If needed; can I boil off the liquid?
what is this liquid? it does test positive for gold.
thank you anyone for the anticipated help.
skykinghunter


----------



## qst42know (Nov 17, 2008)

It would help to describe the chemical process you used. And the steps you have taken to get to this point.


----------



## butcher (Nov 17, 2008)

brown mud is usually gold chloride, but not always.
what was you process and steps up to now?


----------



## skykinghunter (Nov 17, 2008)

qst42know said:


> It would help to describe the chemical process you used. And the steps you have taken to get to this point.


I've used the ISHOR cell, got the green liquid and precipitated with the ISHOR included "odor free precipitant". Note; I have no clue what the chemical names are; GC salt, precipitant/scrubber powder, etc.
Thank you for the prompt reply.
Skykinghunter


----------



## skykinghunter (Nov 17, 2008)

butcher said:


> brown mud is usually gold chloride, but not always.
> what was you process and steps up to now?


butcher,
the tin test indicates the presence of gold...I think?
the resulting color was a dark color, hard to tell if it was purple brown or purple black.
Thank you for the reply,
skykinghunter


----------



## qst42know (Nov 17, 2008)

Unfortunately I am unfamiliar with the Ishor chemical process. Perhaps someone else here is. 

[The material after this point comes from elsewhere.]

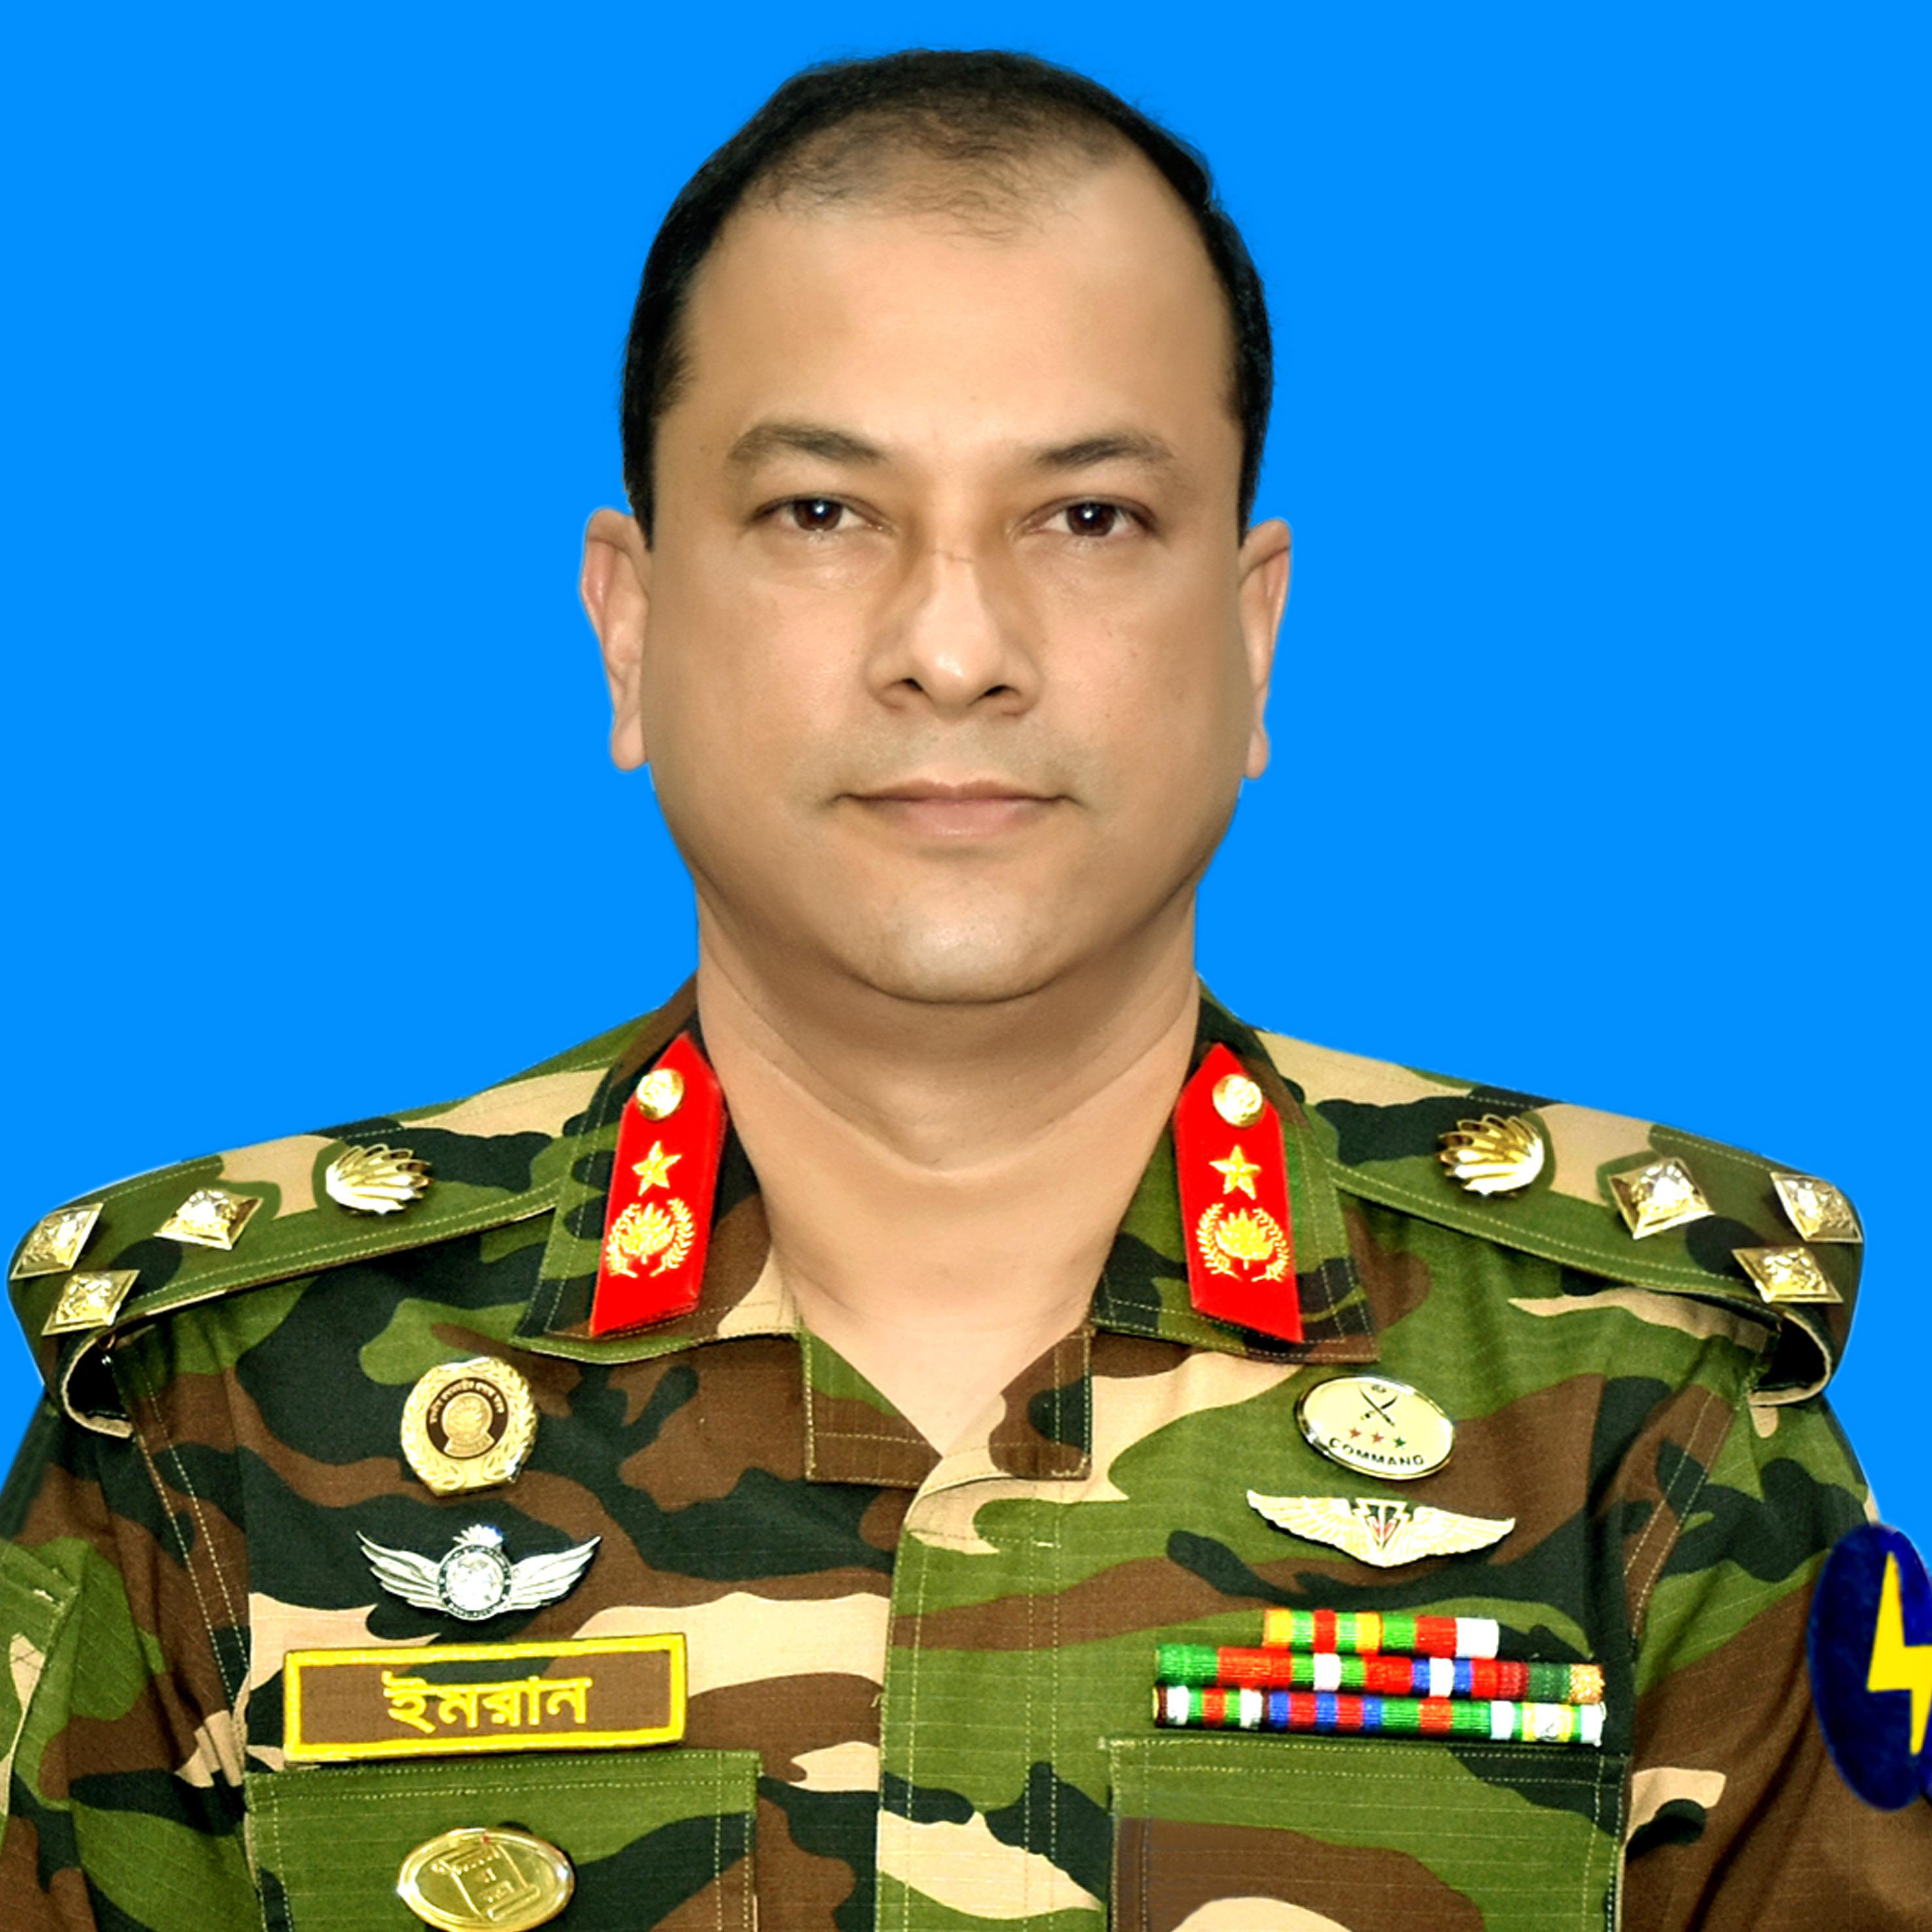 Brigadier General M Imran Hamid, afwc, psc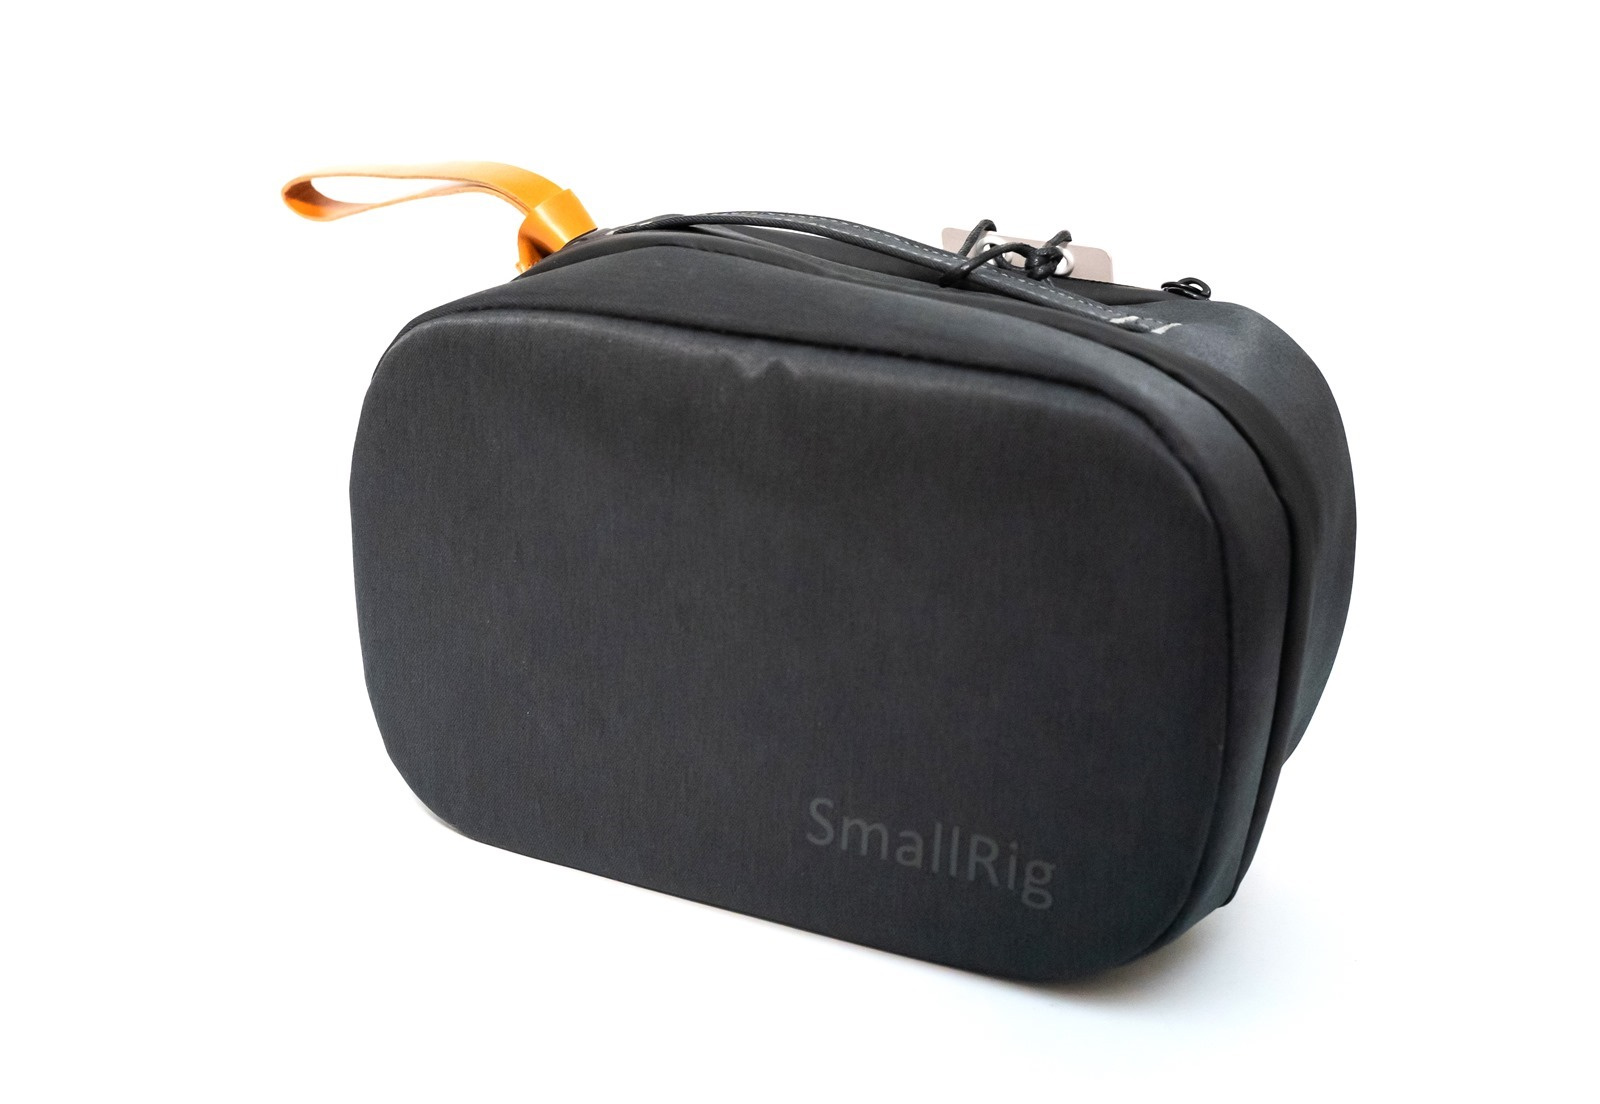 PEAK DESIGN 旅行者 21 夾層隨行包 / SmallRig 配件收納包 PPP2392 入手分享 / 比較 / 心得 @3C 達人廖阿輝

Usually a dark test indicates a considerable amount of gold, did you use enough precipitant for the estimated content?

If you used an excess of solution for the material you were processing it would require much more precipitant to drop your gold.


----------



## butcher (Nov 17, 2008)

tin chloride,stanous chloride is the test for gold and other metals, that is probably shor's gold test solution. for gold would give violet to a black on your spot test.
now I have never used the shor , but have looked at old patents, and I believe there "GC" salts are Ammonium Chloride, an anode of gold made and a catalyst added to anode to get the electrolisis started which could be just table salt NaCL. there is a membrane or bag that allows base metals in solution through it but not the gold or PGM'S. cathode of a graphite rod and a scrubber to collect the gases from reaction at cathode. probably sodium hydroxide lye caustic NaOH. 
is this your system ?
now they sell a special precipitant, Probably also a common chemical, maybe a sulfite,
do you smell sulfur from the reaction of your precipitant?


----------



## Juan Manuel Arcos Frank (Nov 18, 2008)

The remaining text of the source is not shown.